Sui Huang
Vascular Biology Program and Department of Surgery
Children's Hospital, Boston
Development and tissue homeostasis in multicellular organism requires that cells switch between discrete phenotypes, such as proliferation, quiescence, or differentiation into a particular cell type, such as a stem cell, a liver cell or a nerve cell. If each such cell fate is defined by a gene expression profile consisting of ten thousands of genes, and if gene expression is subjected to random fluctuations, why are there, in a first place, discrete, mutually exclusive cell fates - and mot a vast continuum of cell phenotypes ? In fact, the commitment of stem or precursor cells to a particular cell fate is often stochastic, yet they choose among a limited, predefined repertoire of distinct fates, and reliably undergo all-or-none transitions between these discrete states. How do cells unite robustness with randomness ?
Traditional molecular biology would explain the cell type specific expression profile in which some genes are stably expressed, while others are stably repressed, with "epigenetic" chromatin modifications, such as covalent modifications of histones which stably determine the transcriptional activity of genes. But the enzymes performing these reversible molecular changes of histones themselves need to be regulated by upstream regulators which also have their own upstream regulators, etc. In other words, in strict epistemology terms, molecular biology in such cases, be it qualitative or quantitative, is not explanatory. It just "blames another level" in a chain of causality. A systems biology of cell regulation, other than embracing mathematical modeling of pathways and high-throughput characterization, will therefore also have to deal with a self-consistent, "closed" explanation for the existence of stable cell phenotypes.
In this "theory lunch" I will discuss various theoretical concepts that naturally explain the fundamental phenomenon of cell differentiation, and present results from experiments aimed at their validation. One idea is that the genome-wide gene regulatory network that controls cell behavior must impose constraints onto the global dynamics of the genomic regulatory network, such that only relatively few stable network states can arise, and that such high-dimensional "attractor states" in the gene expression state space represent the phenotypic cell fates. I will discuss experimental strategies and results based on dynamic gene expression profiling of the switch from the promyelocytic precursor state to the differentiated state of neutrophils, which suggest that the latter is indeed a high-dimensional attractor state in the gene expression state space of the genomic regulatory network.

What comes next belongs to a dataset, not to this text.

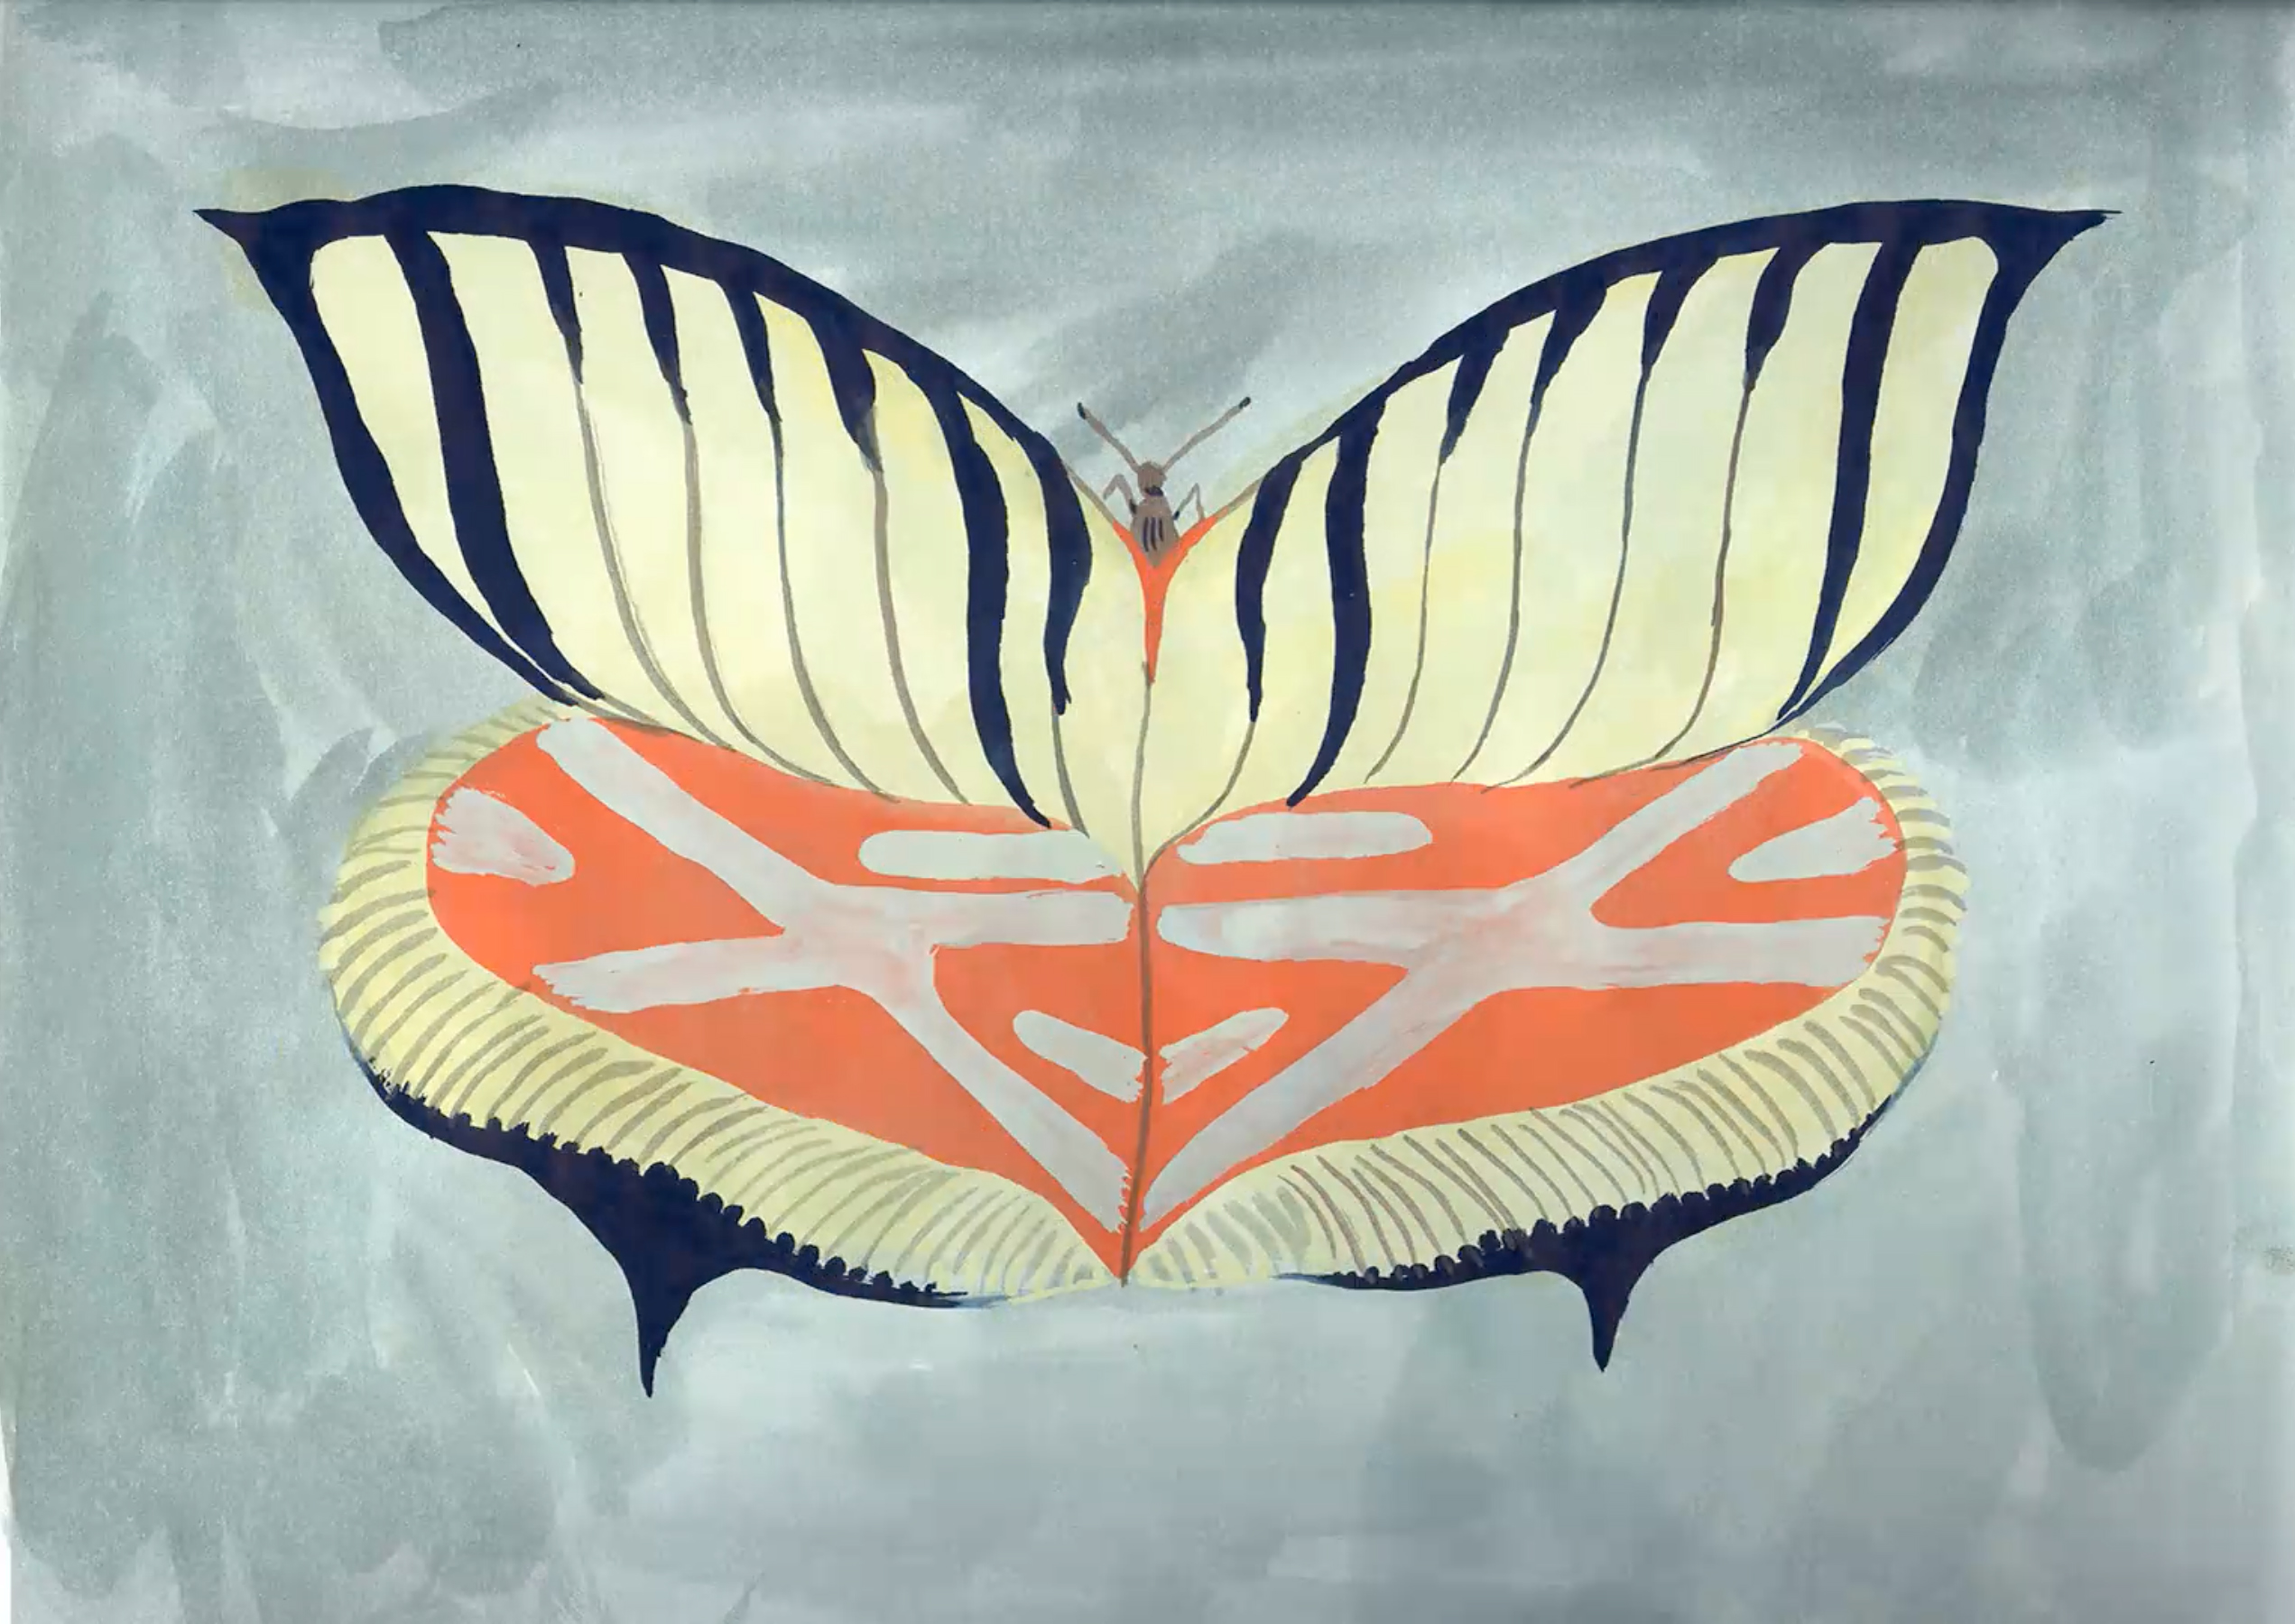 A still from Allison Schulnik's video "Moth" which is a hand drawn and hand painted moth on the screen.

In addition, when studying the changes of gene expression at the single-cell level rather than as averages over a cell population (as is the case with DNA microarrays) we find that a population of clonal, nominally identical cells is highly heterogenous, in that individual cells "switch " with respect to individual genes from the expression status of the precursor state to that of the differentiated state in a discrete but asynchronous and stochastic manner. This stochasticity with respect to multiple discrete switches explains the observed epigenetic heterogeneity of cell populations and is consistent with control by a high-dimensional, non-linear network.

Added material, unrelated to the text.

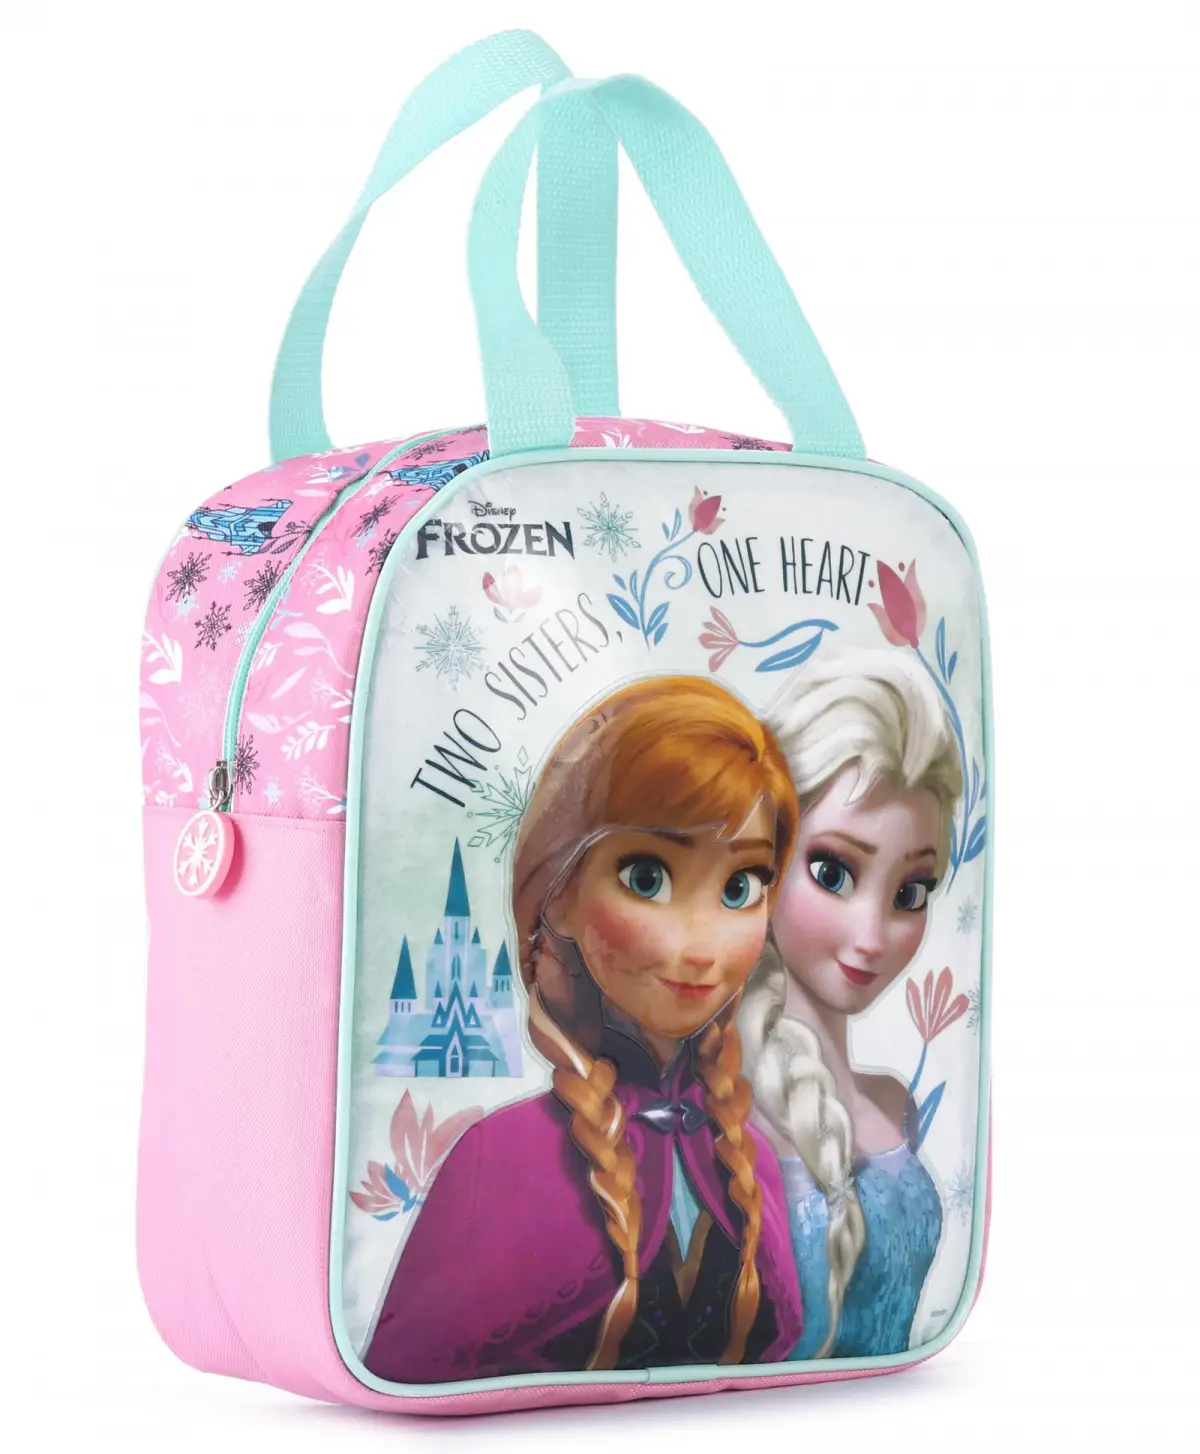 Striders Premium Frozen Lunch Bag with Insulation Technology, 3Y+, Multicolour

Taken together, the data support a model in which a cell fate transition, such as differentiation, is driven by stochastic processes which are deterministically channeled by the state space structure of a high-dimensional system. This provides stability of phenotypes, while allowing flexibility for development, and also produces some stochastic dispersion within a clonal population. If time permits, I will discuss current work aimed at evaluating the consequences of such behavior for stem cell fate decision and mutation-less steps in tumorigenesis.
B de Bivort, S Huang, Y Bar-Yam, "Dynamics of cellular level function and regulation derived from murine expression array data", PNAS, 14 Dec 2004 Epub. PubMed.